The sponsor is flexible on the mobile app modality (web app / native).  Project documentation will need to emphasize steps for building and extending the application.  The Remynda device will be controlled by Arduino and programmed via the Arduino IDE using C++.  The team will be able to choose an appropriate database technology (with an interest in keeping costs down).
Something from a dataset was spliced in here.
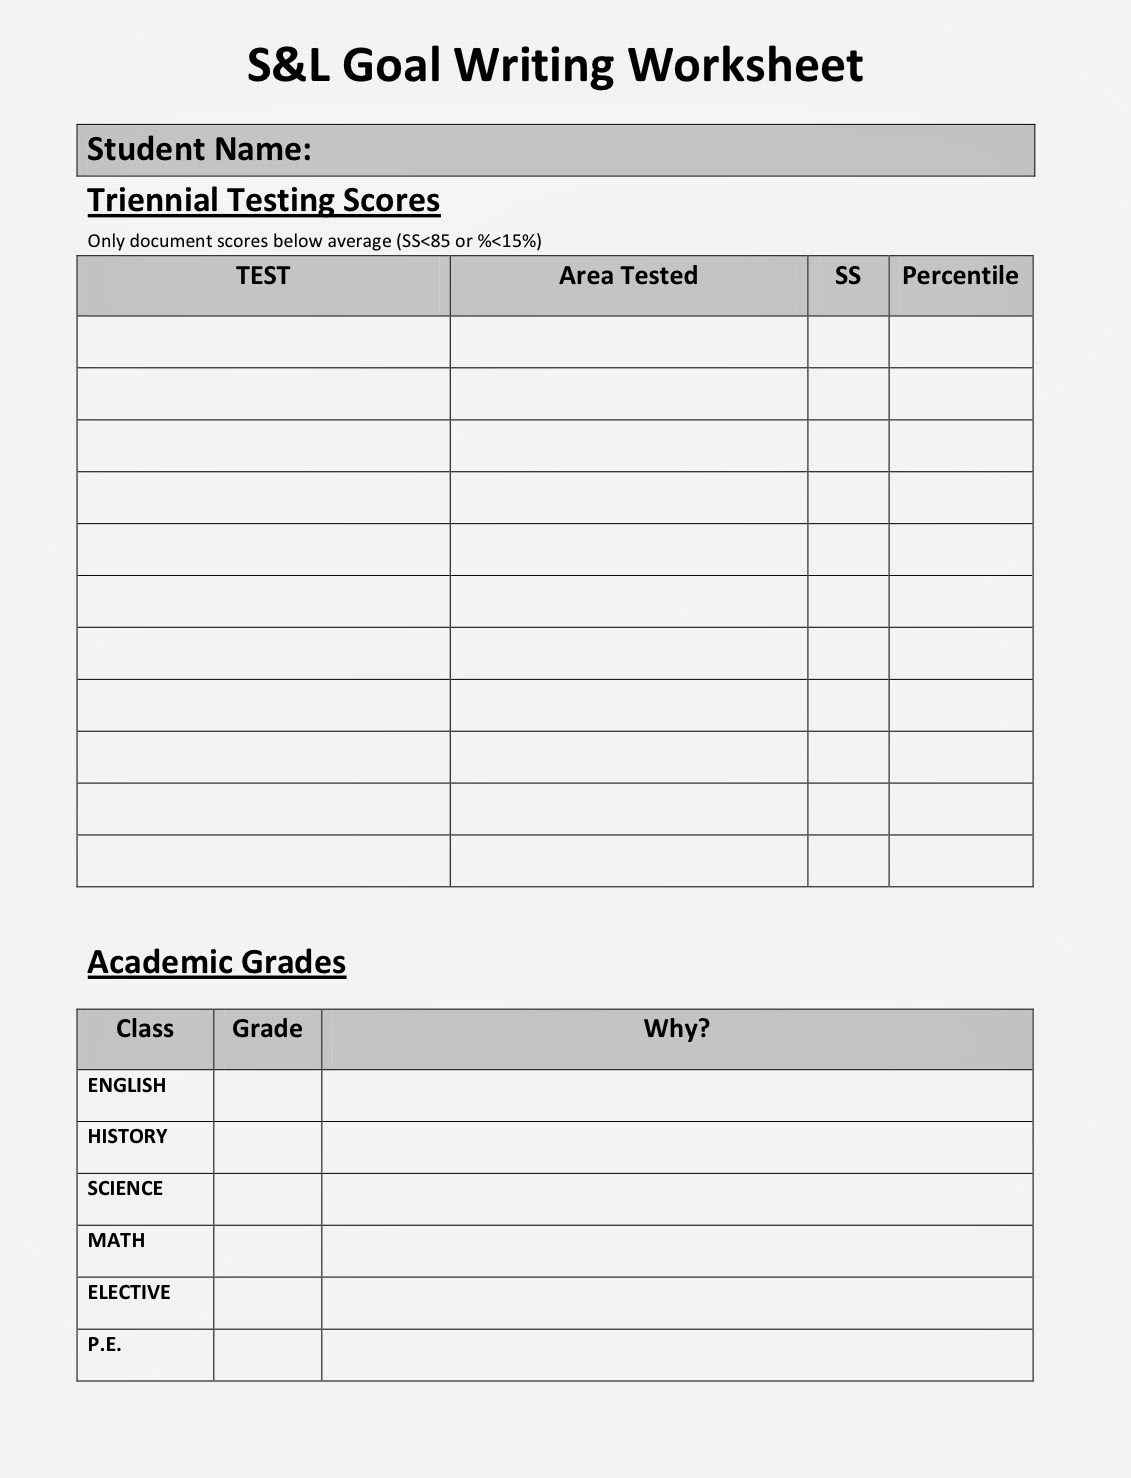 Goal Writing Worksheet 1 1 131 1 478 Pixels

Each team member will be asked to sign an NCSU student participation agreement at the start of the project.

Target Audience

The team should consider the following stakeholders:

  • Skincare users age 20-60
  • Skincare consultants
  • Cosmetics marketers

Benefits to Students

  • Work at the leading edge of convergence of digital and physical marketing
  • Build experience with real-world IOT hardware
  • Help establish new standards and protocols for the exciting new field of IOT
  • Receive positive exposure to 2 potential employers.

Benefits to Sponsor

  • Leverage the unique creative capabilities of the full NCSU team
  • Solve a challenging set of real world problems that are critical to our business

Major Challenges

  • Cross-platform app functionality
  • Robust and attractive app design

There is a video demo of prototype hardware at: 

Students will be required to sign over IP to sponsor when team is formed.